Последний номер «Пари-суар», прочитанный Франсуа на передовой, был от 21 мая 1940 года… Петен сказал: «Они не пройдут». Речь шла об ожесточенных боях французских войск, пытающихся приостановить наступление немцев. Свежая формулировка, нечего сказать. Не лучше той, которая говорила о Вейгане, как о «человеке, который всегда находит выход из критического положения». И еще одна гнусная фраза поразила молодого офицера: «Наши войска, сдерживая наступление противника, отважно сражаются к северу от Сен-Кантена». Газета была от 21-го, события, следовательно, произошли дня за два до этого, числа 19-го. А сегодня уже 27-е!
Когда Субейрак вошел в здание нотариальной конторы, где находился КП батальона, его встретили подчеркнутым молчанием. Майор Ватрен, рядом с которым по старшинству расположились офицеры, театрально отодвинулся вместе со стулом, вытер губы и многозначительно произнес:
— Ужин входит в служебные обязанности, господин Субейрак.
Только в состоянии крайнего гнева он называл своих офицеров «господами».
Субейрак поздоровался, снял свою пилотку и ответил:
— Прошу извинить, господин майор, но я настолько хорошо отдаю себе в этом отчет, что прежде чем самому идти ужинать, я дождался, пока все мои люди поужинали.

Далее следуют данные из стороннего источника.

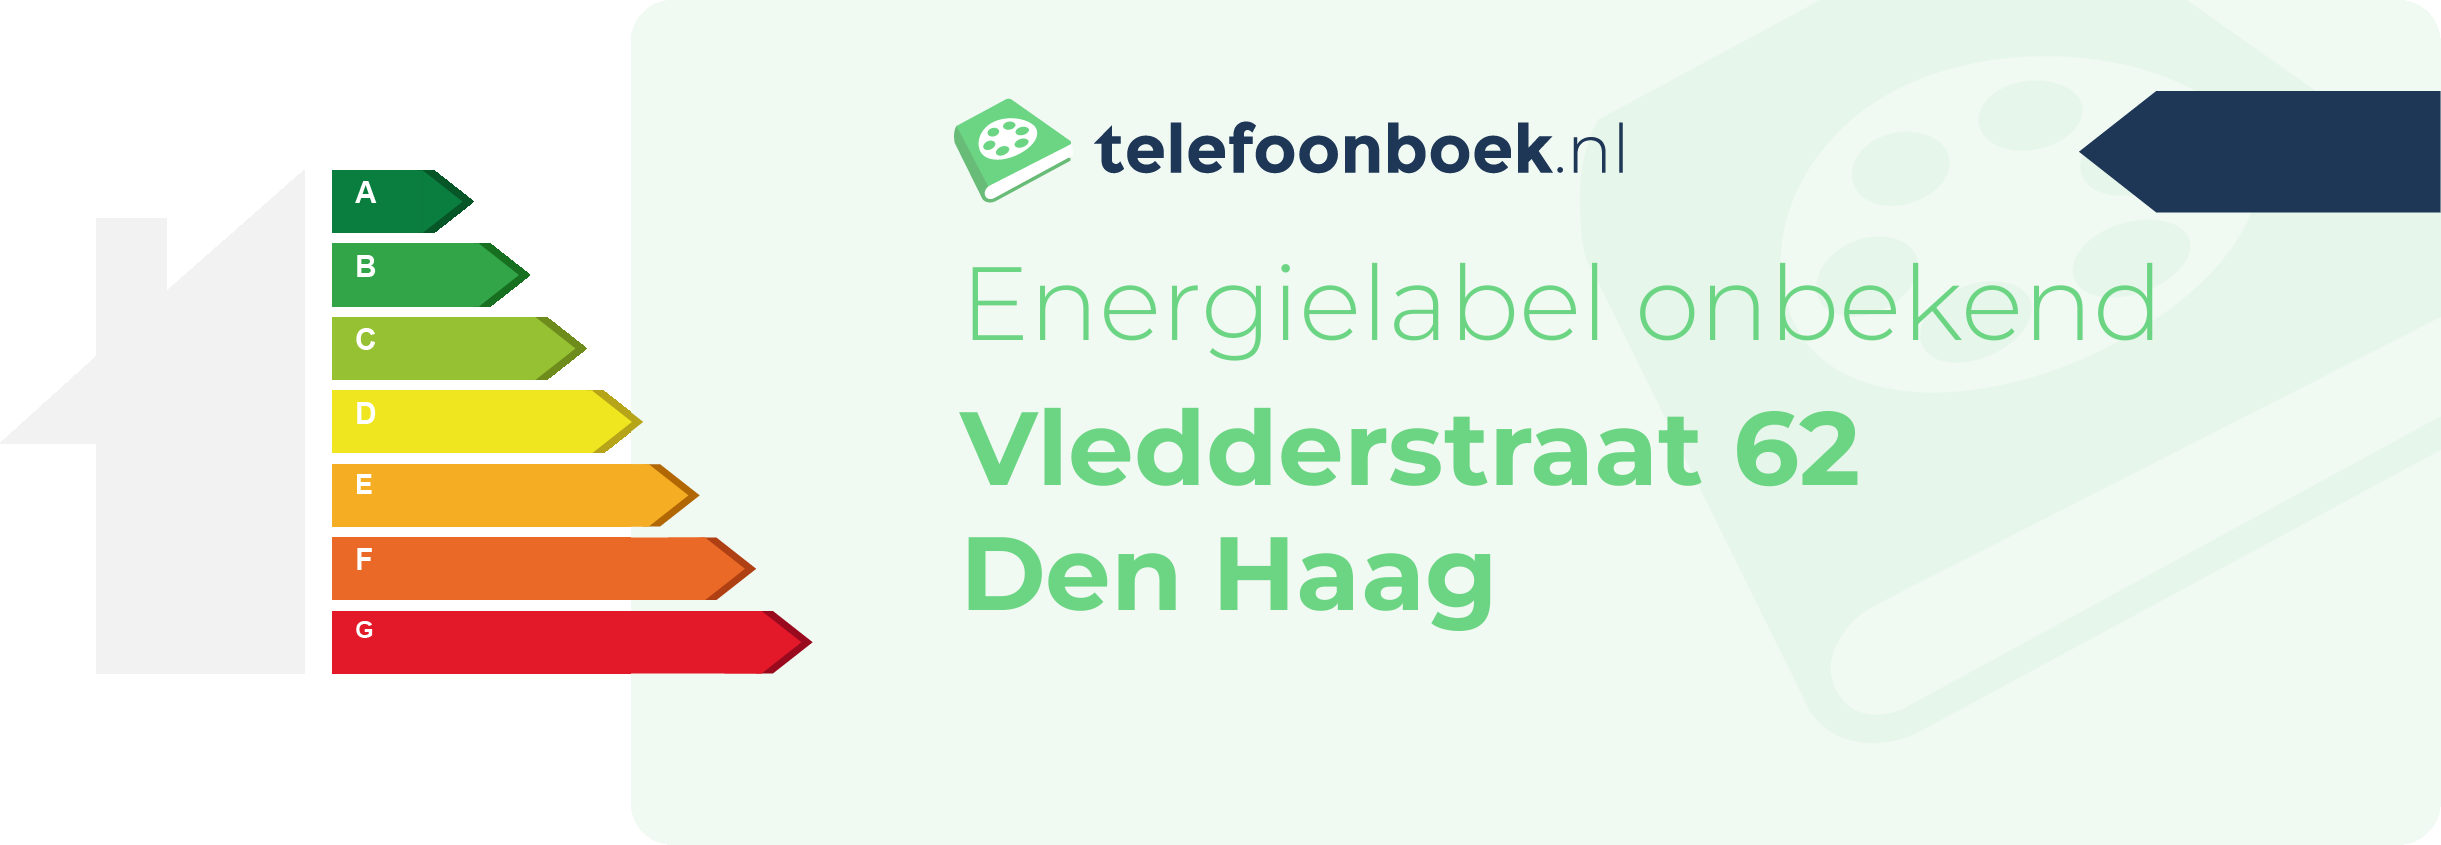 Energielabel Vledderstraat 62 Den Haag

Он отнюдь не готовил этой дерзости. Он произнес ее, не сознавая, что в ней содержится косвенный упрек его товарищам. Офицеры переглянулись. Майор Ватрен не шевельнулся. При ярком электрическом свете можно было хорошо разглядеть топорные крупные черты его лица, лица старого вояки, закаленного в сражениях мировой войны и тяготах оккупации. Шея у него словно вовсе отсутствовала: голова сидела прямо на плечах, широких и плотных. О, этот майор Ватрен как никто умел водворить неловкое молчание! Он с грохотом придвинулся обратно к столу и сухо, резким движением указал Субейраку его место.
Снаружи донесся раскат грома.
Капитан Бертюоль, парижанин, крупный банковский чиновник, тоже доброволец прошлой войны, черноволосый, с сединой на висках, с широкой белозубой улыбкой, со светлыми лукавыми глазами на загорелом лице, блестящий капитан пулеметчиков, которому так часто удавалось изящным и дружеским жестом выручать товарищей из неловкого, трудного положения, добродушно воскликнул:
— Стаканчик аперитива, Субейрак? Вы его честно заработали, старина.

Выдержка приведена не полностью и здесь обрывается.